Financial and housing distress also increase the risk of suicide. Economic crises are associated with increased suicide rates, especially in countries with weaker labour market programs.
These rises are greater among men, tied particularly to home repossession and debt for younger men and long-term unemployment for older ones. One study attributed a 57% increase in men's suicide in Ireland to recession and austerity between 2008 and 2012.
Economic crisis also has implications for behaviour towards loved ones. Although it may paradoxically decrease rates of divorce, research indicates it may increase child maltreatment and intimate partner violence. One study revealed a link between foreclosure rates and domestic violence calls to police.
Crises may also ensure there are fewer loved ones to start with: birth rates decline during recessions.
Several studies have noted a link between economic shocks such as foreclosure and poor physical health. And a new paper, published this month in the Journal of the American Medical Association (JAMA), shows that negative wealth shocks can endanger life itself.
The researchers examined mortality due to any cause in a sample of 8,714 adults who were representative of the US population. Study participants were aged 51 to 61 at the start of the 1994-2014 study period, and were followed every two years.
The sample was divided into three groups. One group, representing 67% of the sample, maintained continuous positive wealth over the 20-year period. A second, "asset poverty" group (7%), began the study with zero or negative net household wealth. The "negative wealth shock" group (26%) experienced at least one two-year period in which their household wealth dropped at least 75%.

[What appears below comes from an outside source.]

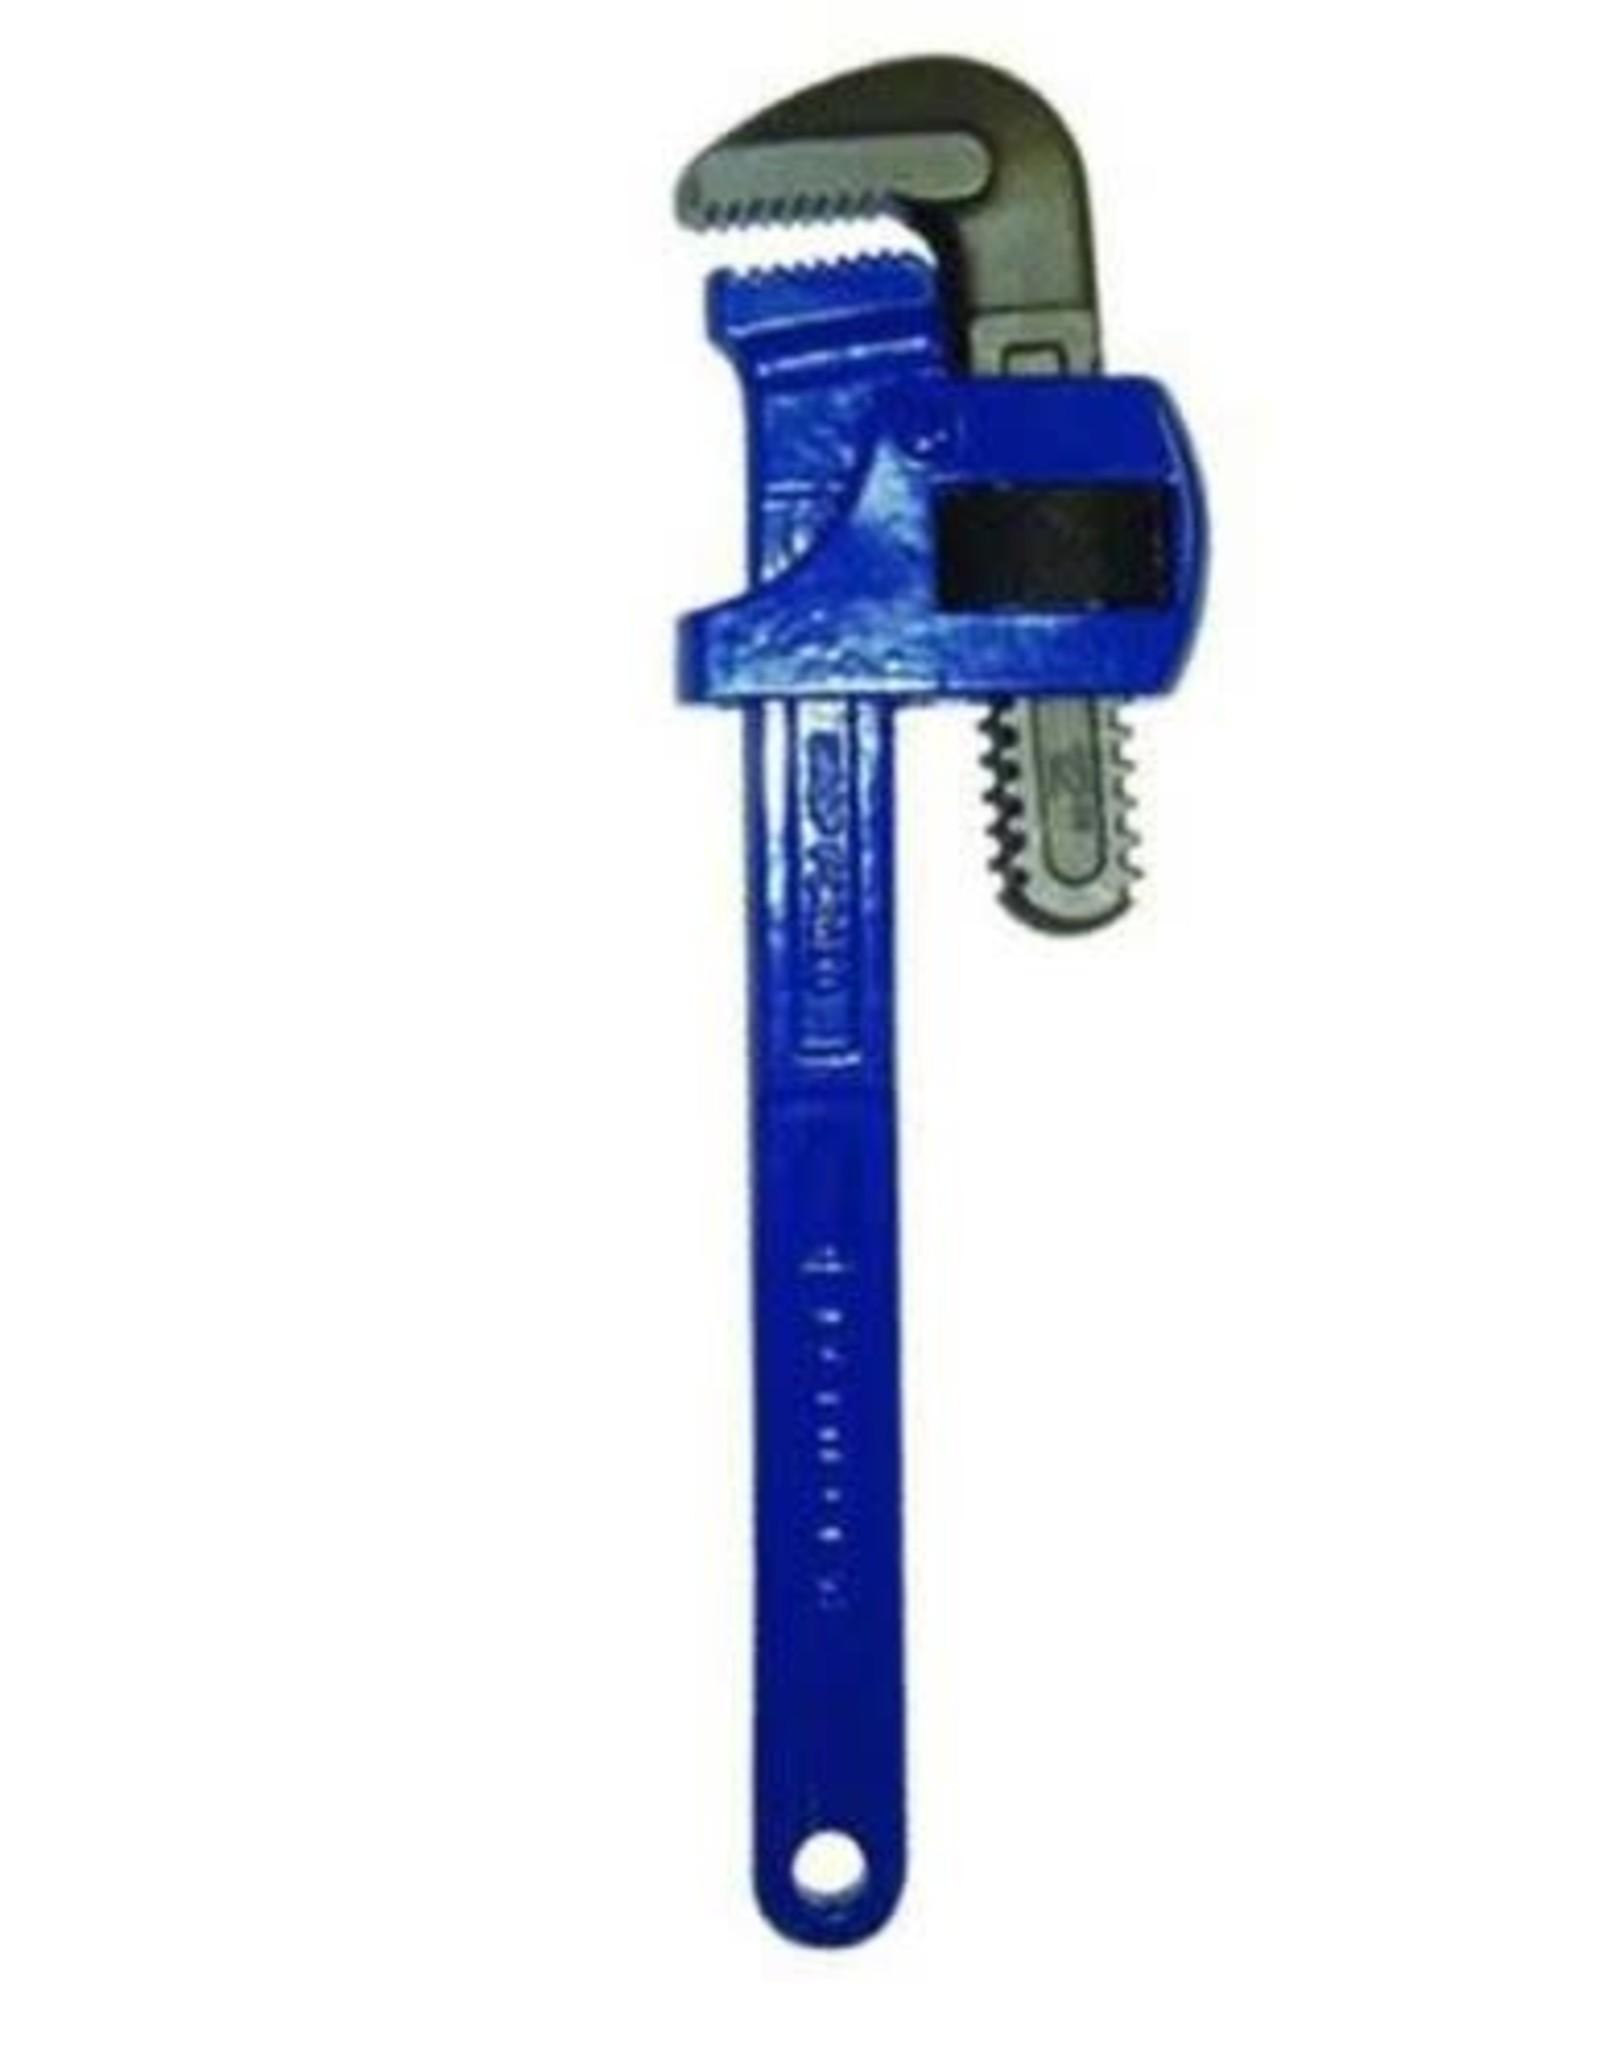 Eclipse Pipe Wrench - Stillson Pattern 350mm
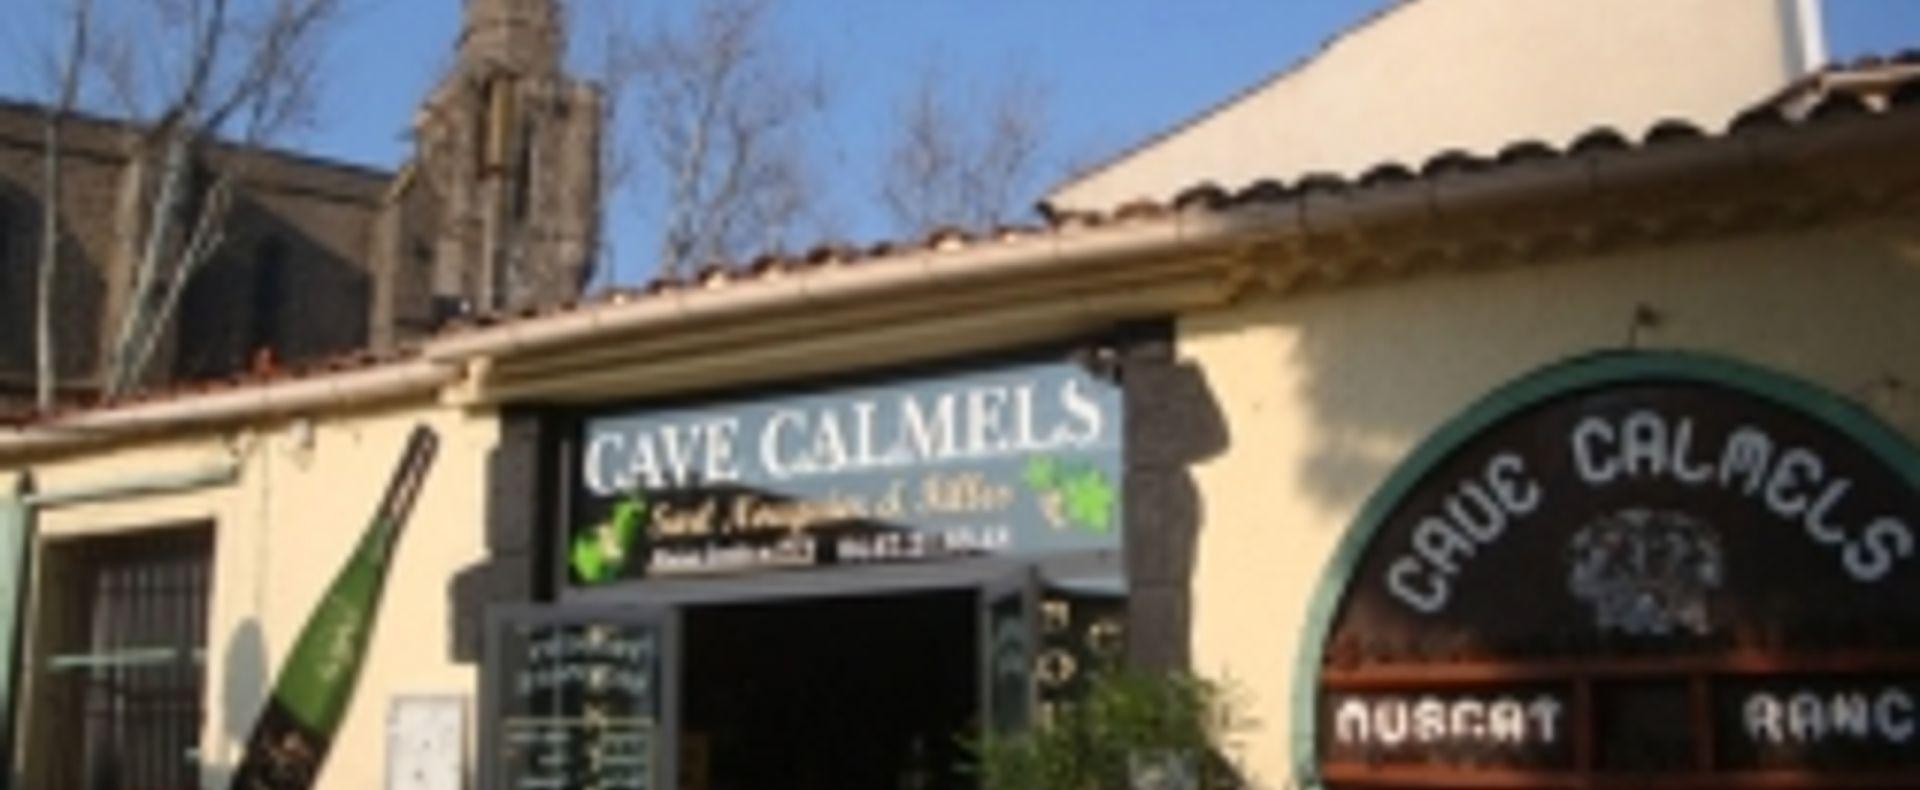 CAVES CALMELS SARL NOUGUIER ET FILLES

People in the negative wealth shock group had a 50% higher death rate than those in the positive wealth group, after statistical controls were applied. By the end of the 20-year period, more than half of the former group had died, compared with less than 30% of the latter.
Death rates for people who underwent wealth shocks were comparable to those of people who began the study with nothing, or less than nothing.
Several other findings of the study stand out. First, women, ethnic minorities, and people who were divorced, widowed or never married at the start of the study period were especially vulnerable to negative wealth shocks.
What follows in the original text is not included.